4.1.2 sur les dossiers critiques à refuser par Actiris

4.2. Effets de la réputation et de la performance dans le jugement des dossiers « inconnus »

Généralement, le monde domestique et le monde de l’opinion sont entremêlés au travers des argumentaires développés par les évaluateurs. Dans certaines épreuves, ces deux registres de justification n’agissent pas de pair. Par exemple, dans le cas d’un dossier où l’opérateur est inconnu de l’Office de l’Emploi. Les évaluateurs ne peuvent, en conséquence, se servir de l’expérience de collaborations antérieures pour éclairer certains aspects du dossier qui leur posent question. L’opérateur inconnu est dans un état

de petitesse en phase de sélection par rapport à ses homologues qui sont

connus des SRP. Il est en quelque sorte « banal » aux yeux des évaluateurs.
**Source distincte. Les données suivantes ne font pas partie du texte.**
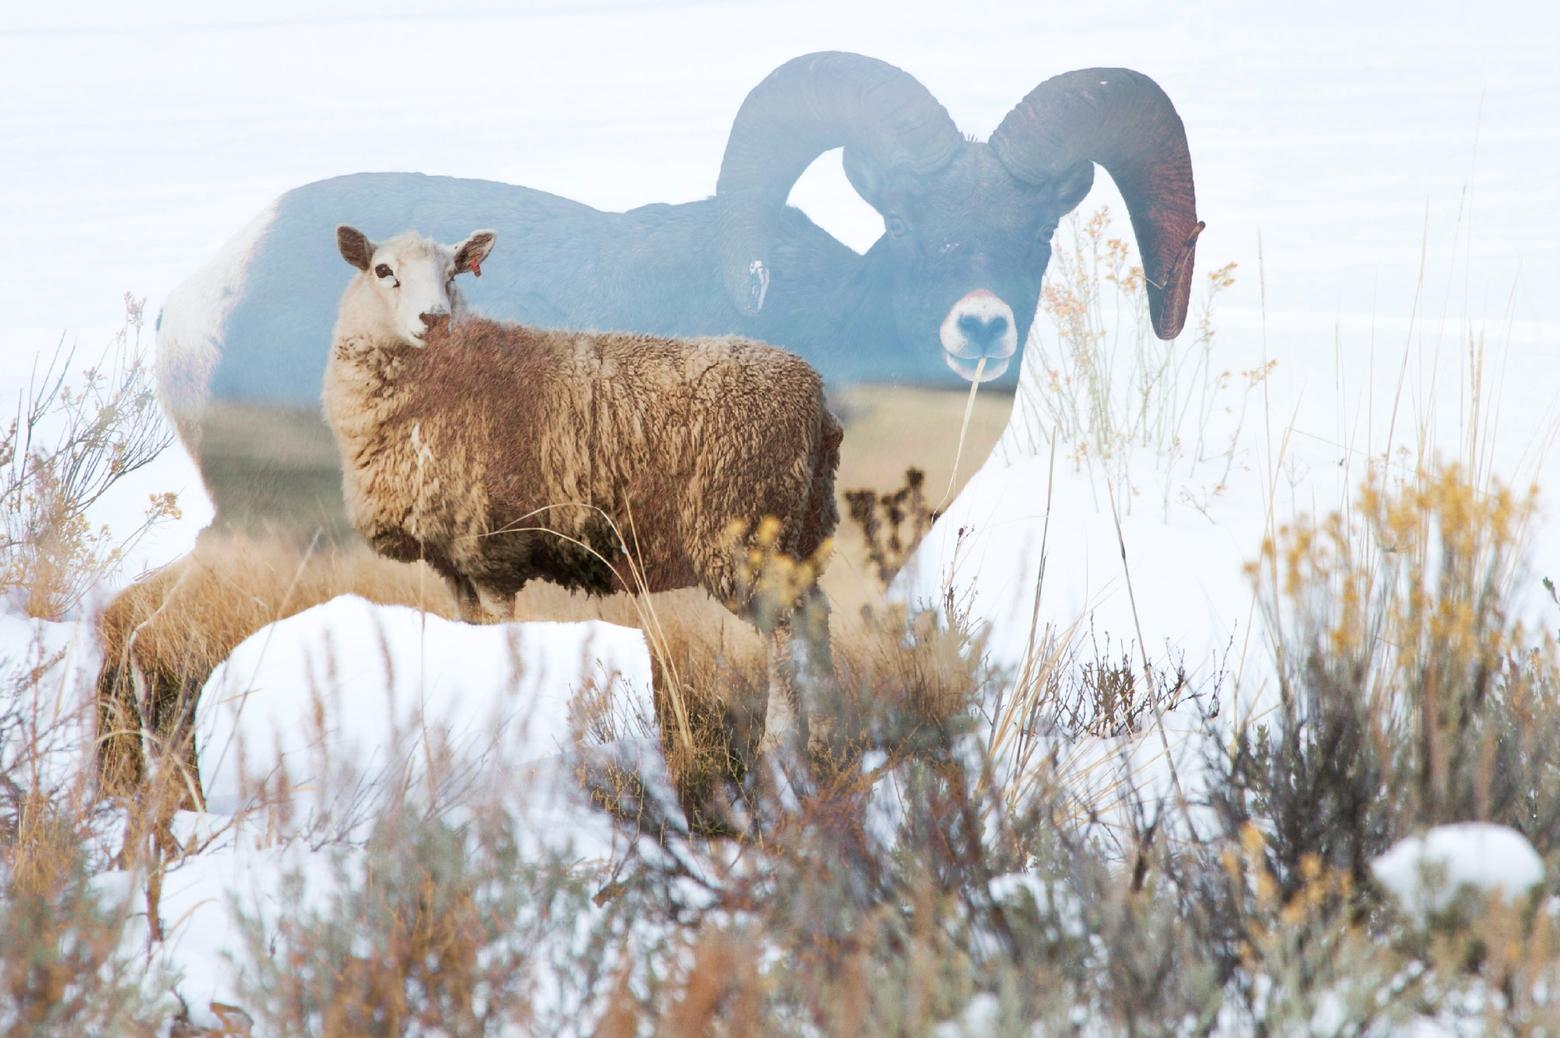 Researchers at Montana State University have been studying the domestic and bighorn sheep interactions, but recently received $4 million in university funding to initiate the latest research. Photos by Diane Renkin and Martin Schmidli. Illustration by Julia Barton
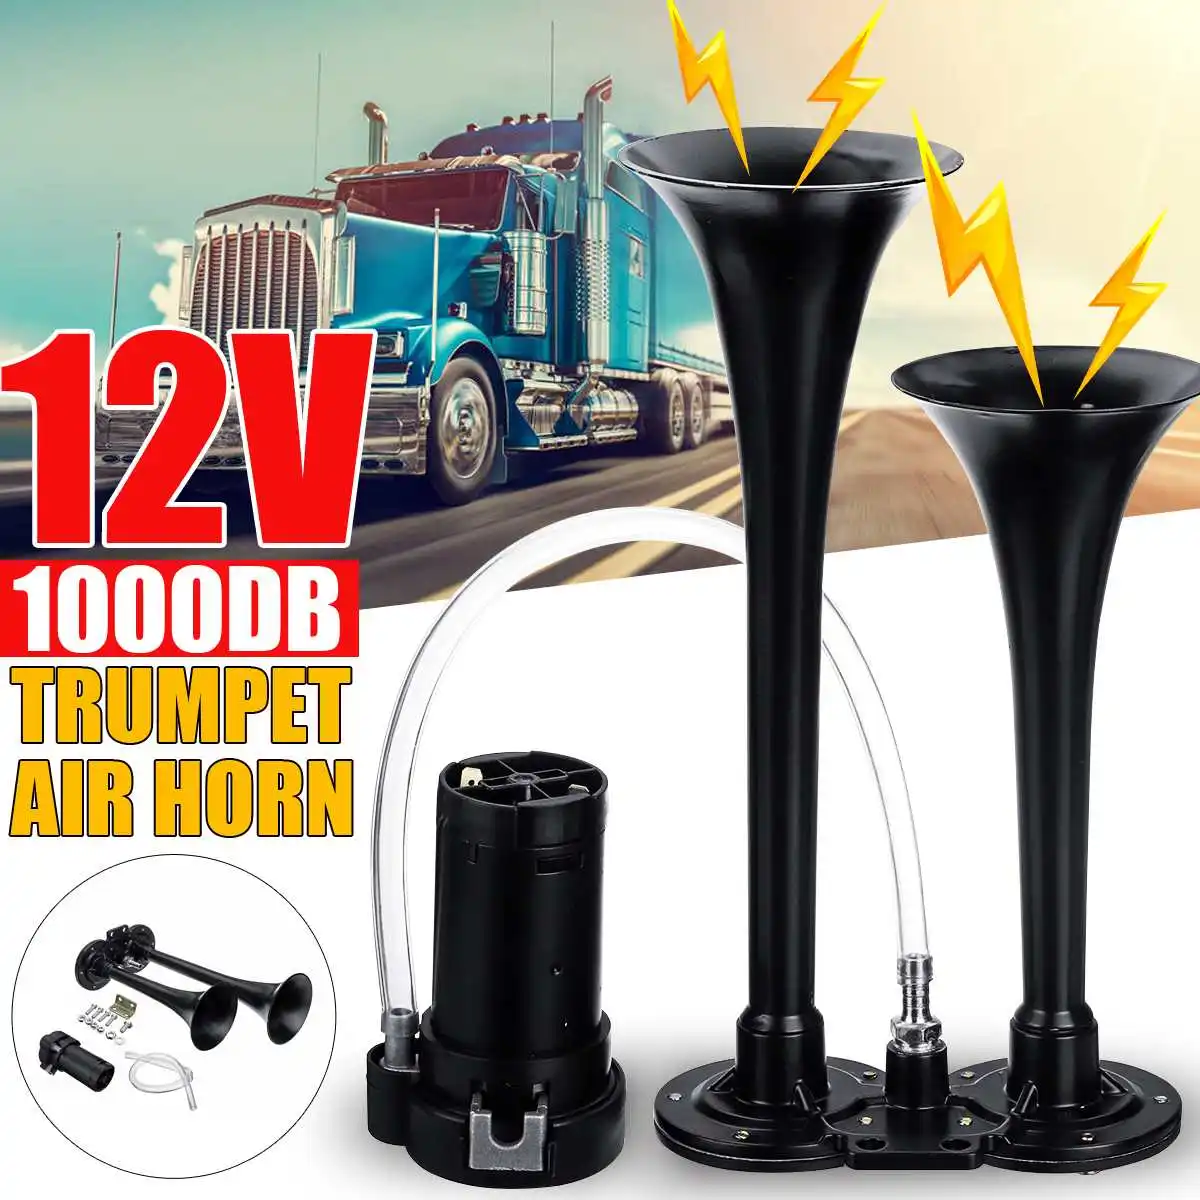 1000DB Super Train Horn For Trucks SUV Car Boat Motorcycles Top High Quality

Pour quitter cette posture, il doit démarquer son dossier par rapport à ceux de ses pairs afin de se voir jugé positivement par les évaluateurs.

Dans le cadre de la procédure de sélection, les évaluateurs d’Actiris regardent l’expérience de l’opérateur en matière d’accompagnement des demandeurs d’emploi. Qu’ils soient connus ou non de l’Office, les opérateurs doivent expliquer dans le dossier de candidature leur expertise et fournir un curriculum vitae (cv) du formateur qui encadrera les chercheurs d’emploi. Un des dossiers contient, tout comme le dossier critique précédent, un cv « médiocre » d’après les dires des évaluateurs. Ces derniers développeront-ils le même type d’argumentaire vis-à-vis de ce nouvel opérateur ? Laisseront- ils une chance à celui-ci ? Dans le cadre du suivi des demandeurs d’emploi, le formateur doit les aider à rédiger un cv. À partir du moment où l’opérateur, lui-même ne sait pas rédiger correctement le cv de son formateur, comment pourra-t-il en réaliser avec les demandeurs d’emploi. Les évaluateurs s’interrogent sur la qualité du travail que l’opérateur pourra fournir. Comme ce dernier n’a jamais été partenaire d’Actiris, il est difficile pour les évaluateurs de se baser sur les résultats de collaborations antérieures qui pourraient démontrer la qualité du travail fourni par l’opérateur.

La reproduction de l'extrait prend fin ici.